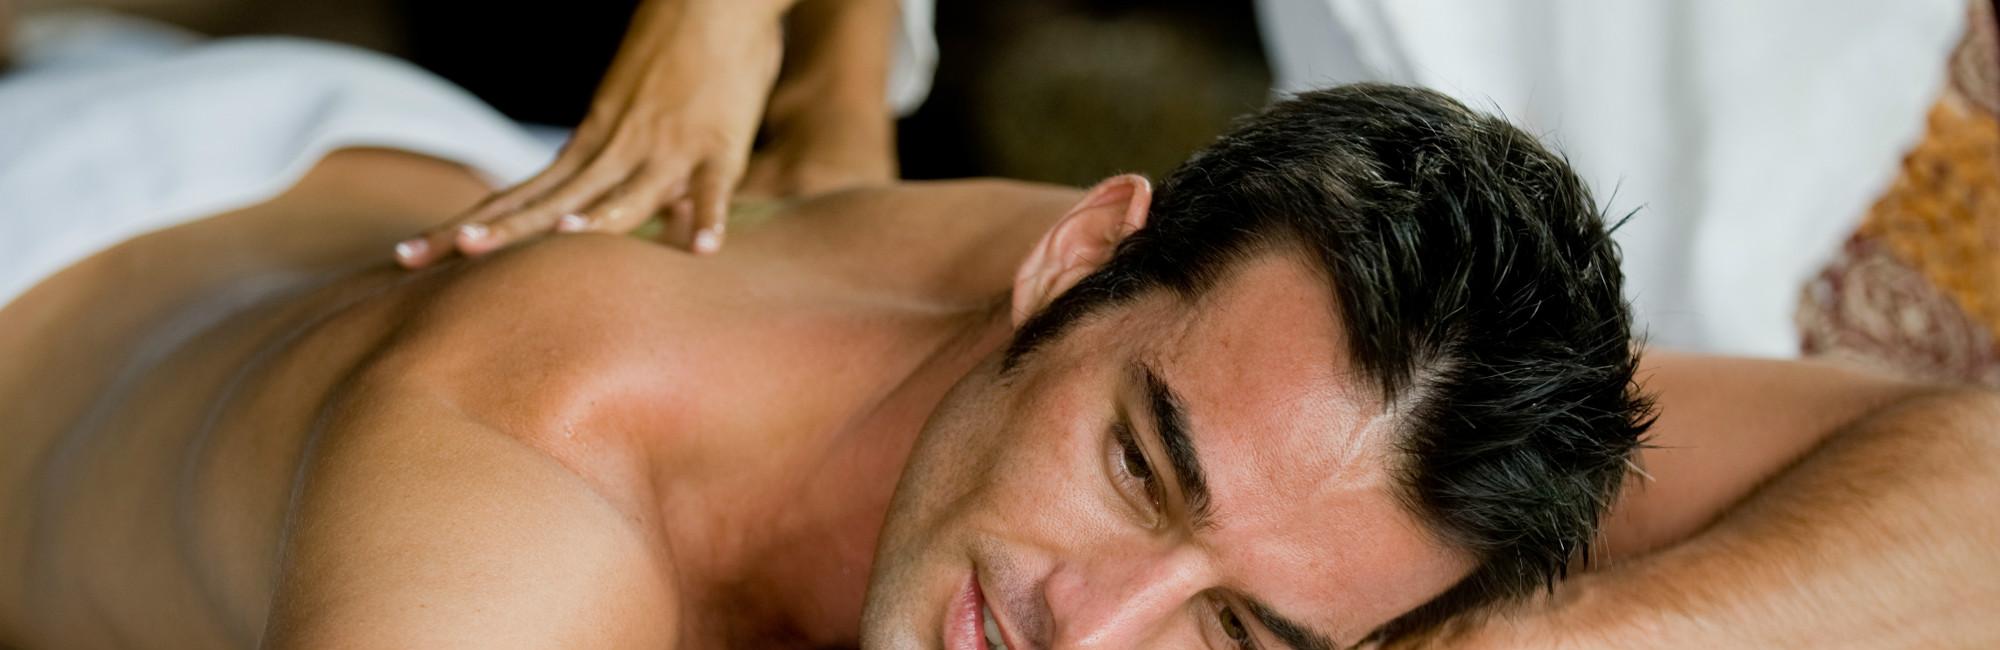 Crantock Bay Spa Mens Massage - Spa Treatments
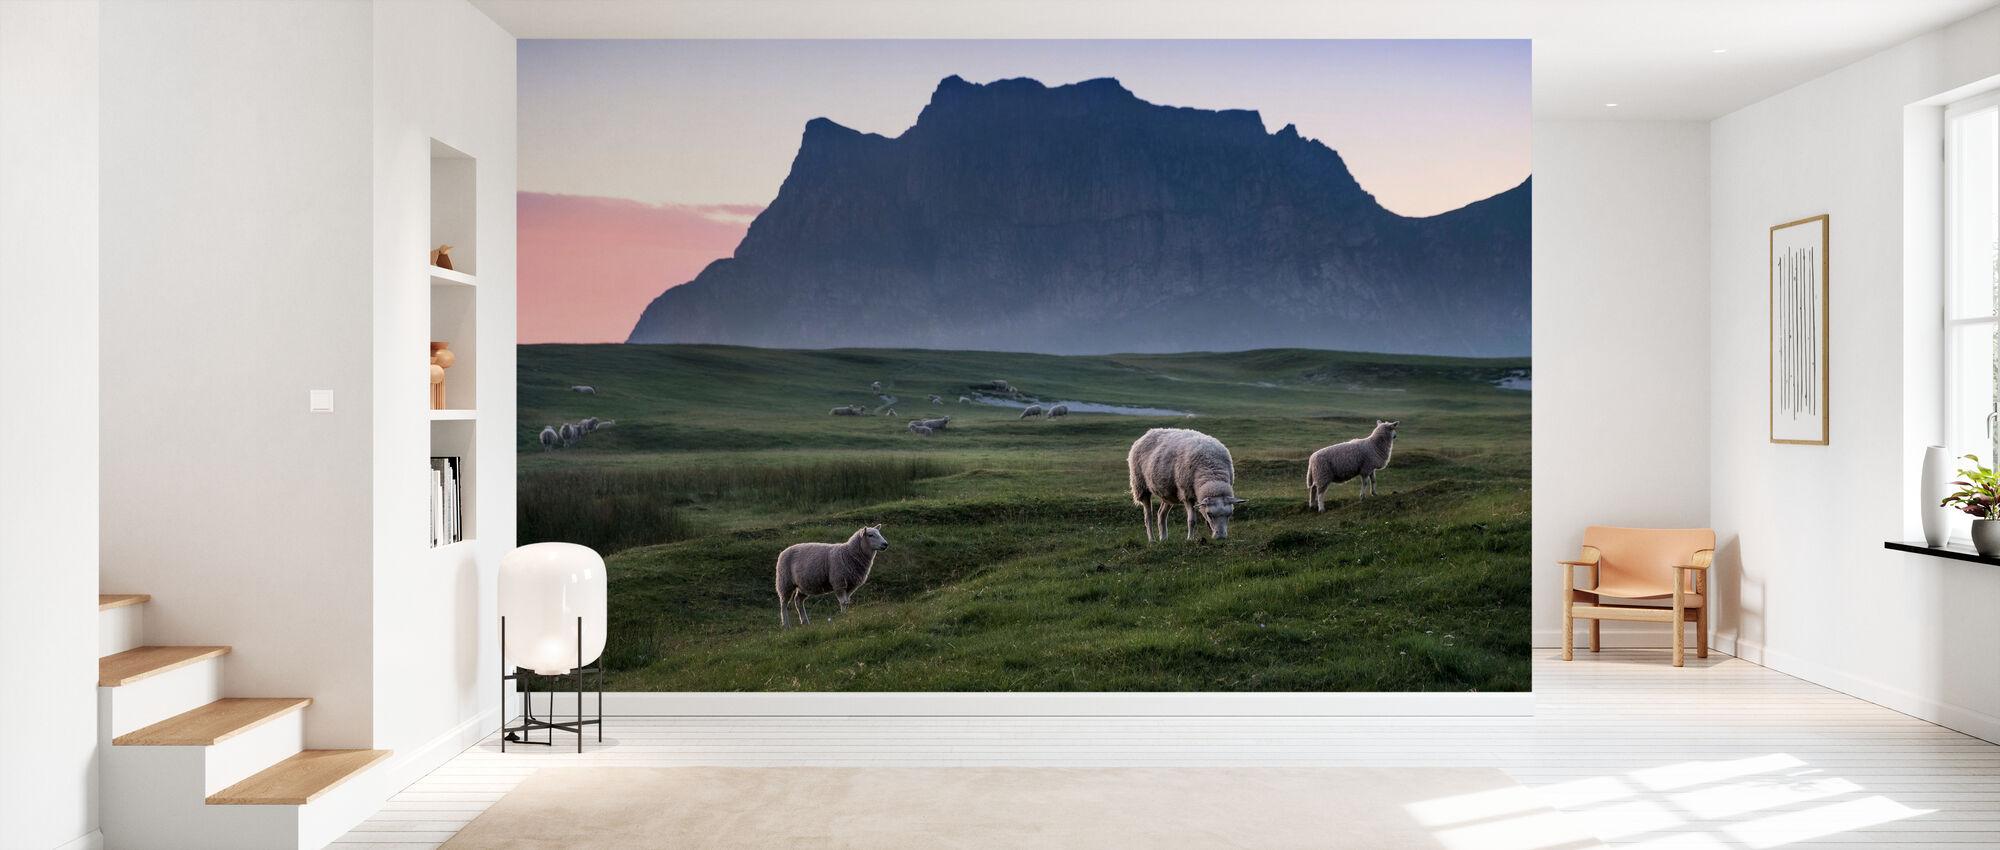 Lamm betesmarker i äng - Tapet - Hall
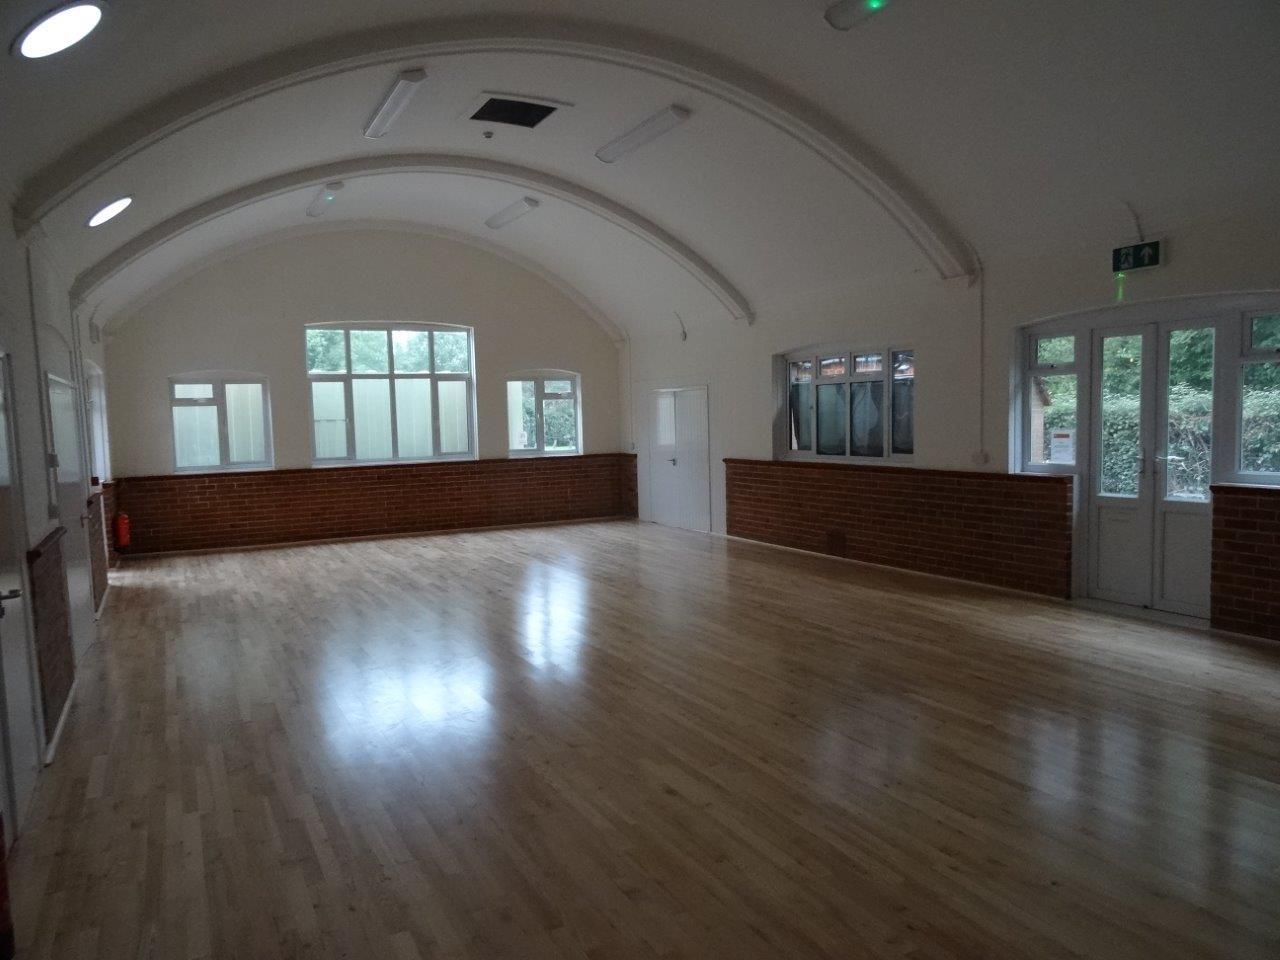 New wooden floor with underfloor heating
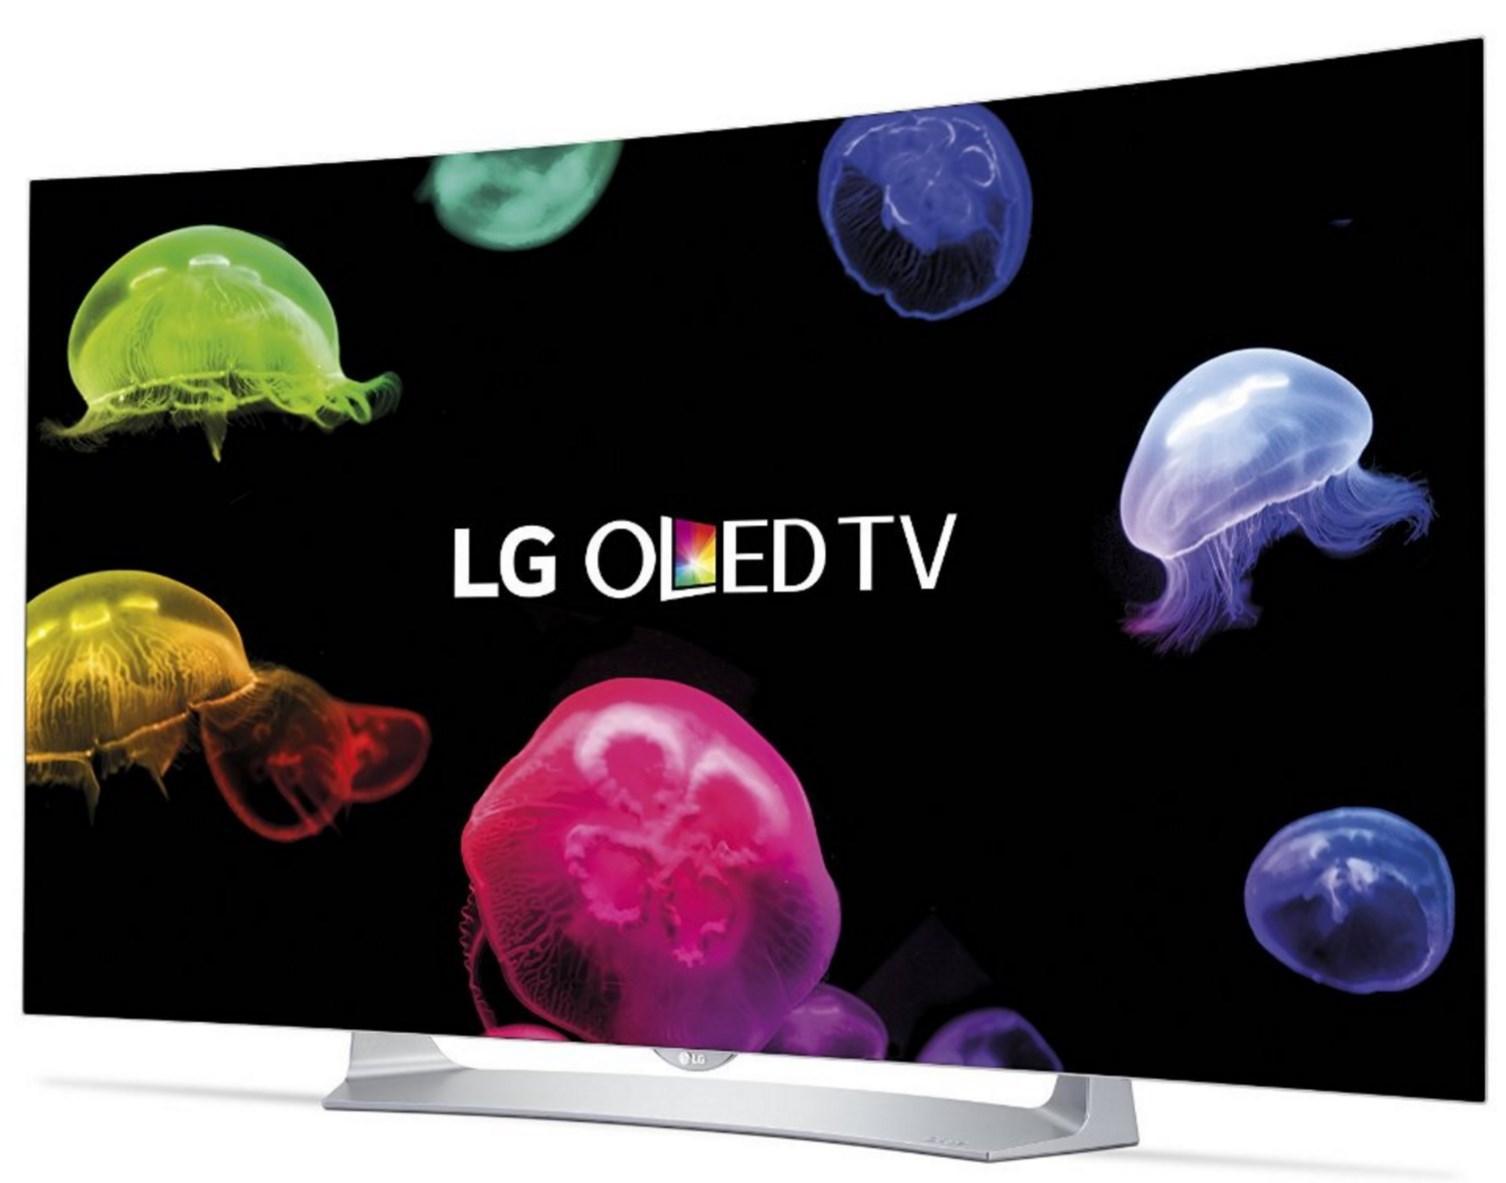 """TV 55"""" LG55EG910V - FullHD, Oled, Smart TV, Wifi, 3D, incurvé"""
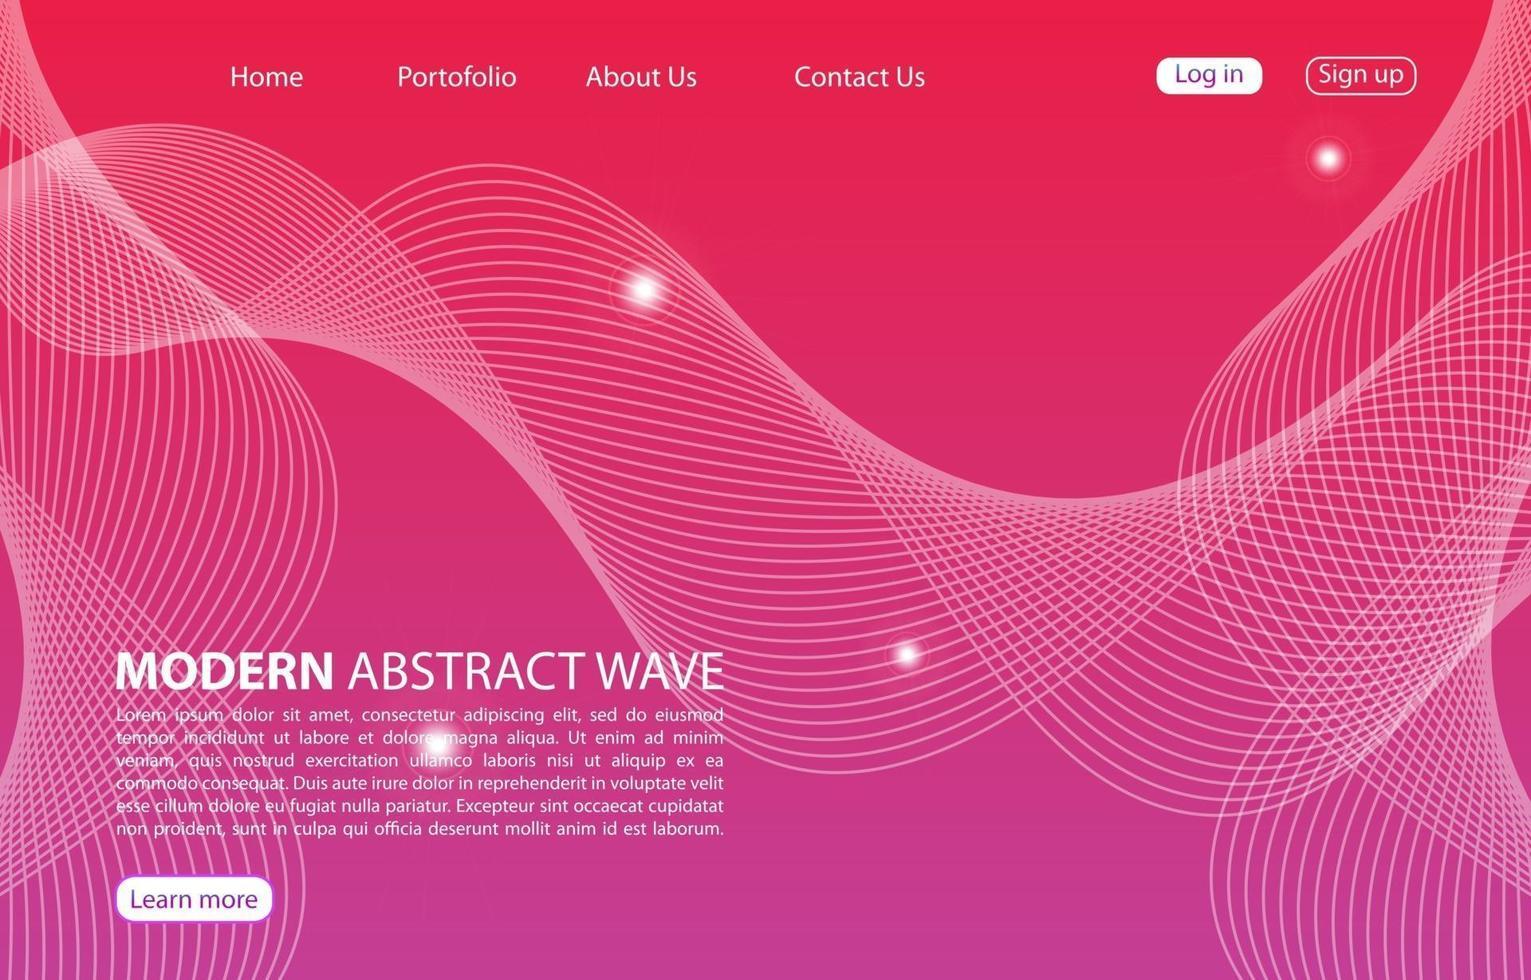 Zielseite. abstrakte Hintergrundwebsite. Vorlage für Websites oder Apps. modernes Design. abstrakter Vektorstilentwurf vektor

» Aim of the task
Reproduce the whole listing exactly, but not the images in it.

» Exercise response
 Crantock Bay Spa Mens Massage - Spa Treatments
 Lamm betesmarker i äng - Tapet - Hall
 New wooden floor with underfloor heating
 """TV 55"""" LG55EG910V - FullHD, Oled, Smart TV, Wifi, 3D, incurvé"""
 Zielseite. abstrakte Hintergrundwebsite. Vorlage für Websites oder Apps. modernes Design. abstrakter Vektorstilentwurf vektor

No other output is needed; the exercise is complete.